Внутри сарай был освещен маленькой электролампочкой, работающей от аккумулятора. На столе лежала большая, как скатерть, топографическая карта нашего берега и Кронштадтской крепости, карта, где будто разлилась голубая краска моря, то более густая, то светлеющая, то есть с указаниями глубин, которые, если бы уж пришлось попасть под лед, были для нас, как вы сами понимаете, в совершенно одинаковой степени малоинтересны. Тут же на столе высилась стопка сложенных вчетверо полотнищ алого, почти огненного шелка. Как оказалось, это было шестнадцать - по числу саней - длинных красных вымпелов, приготовленных для нас.

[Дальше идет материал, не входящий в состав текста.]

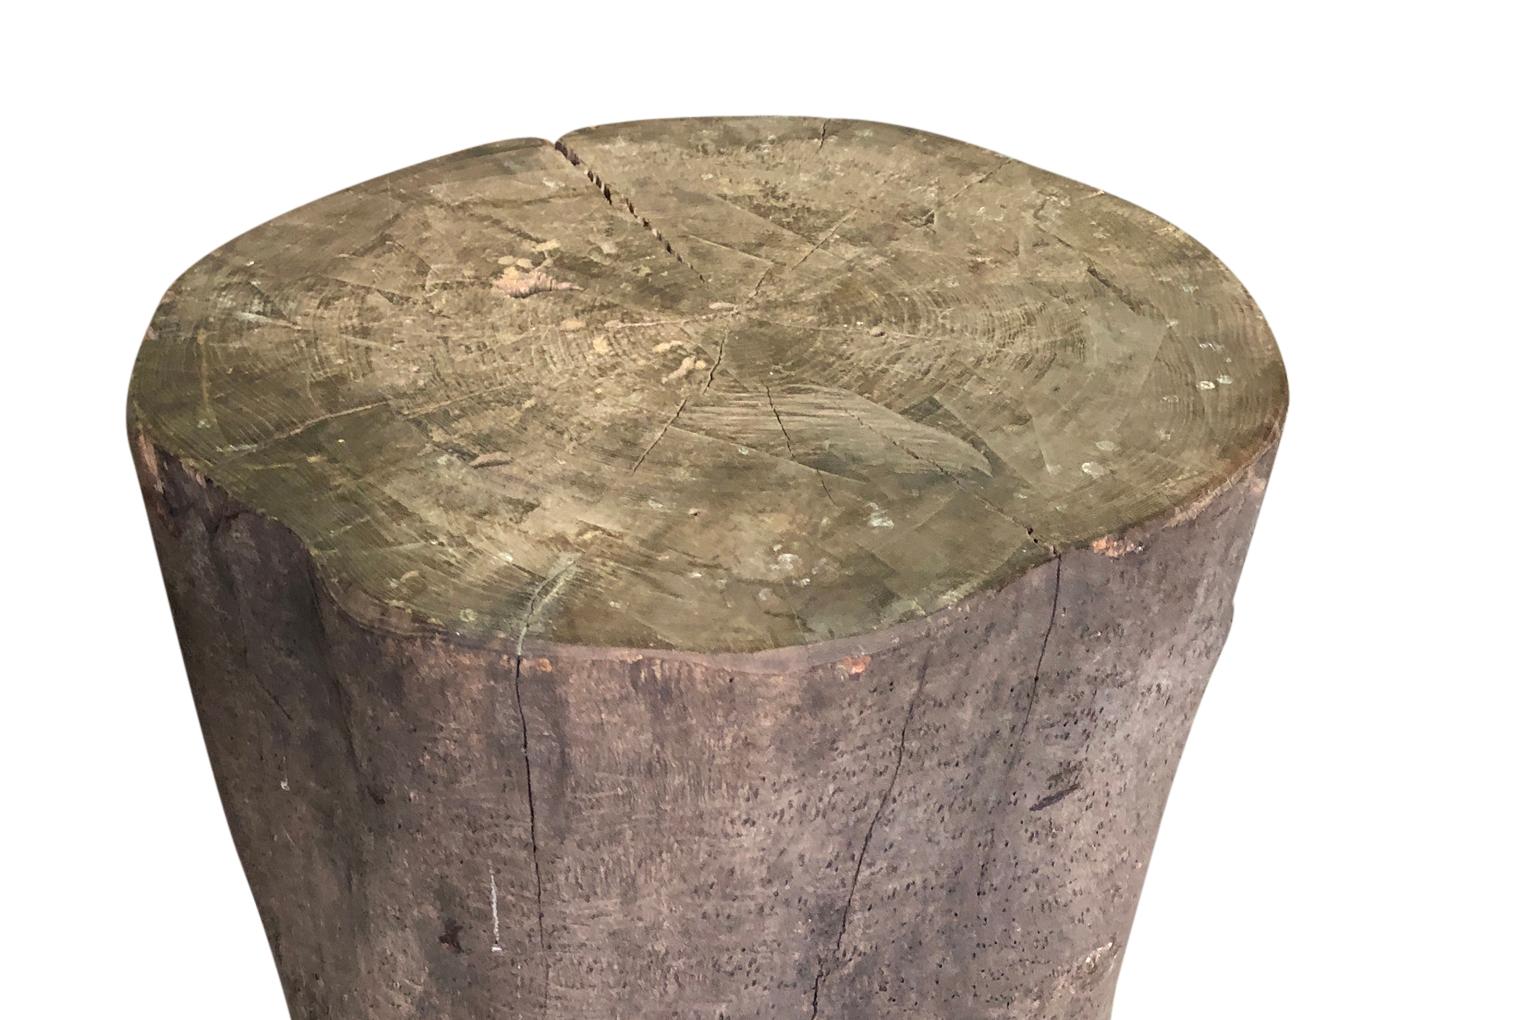 A terrific Primitive early 19th century Billot - Chopping block from the Ardeche region of France. A wonderful end table for any casual interior or exterior living area.

Командиром нашего отряда был кронштадтский моряк Мельников, коммунист, когда-то механик миноносца "Новик", давно, чуть ли не с начала гражданской войны, воевавший на суше, водивший броневики и аэросани, смелый, спокойный красавец исполин, демонстративно сменивший в эти дни шинель на прежнюю морскую форму - на черный бушлат и бескозырку с ленточками.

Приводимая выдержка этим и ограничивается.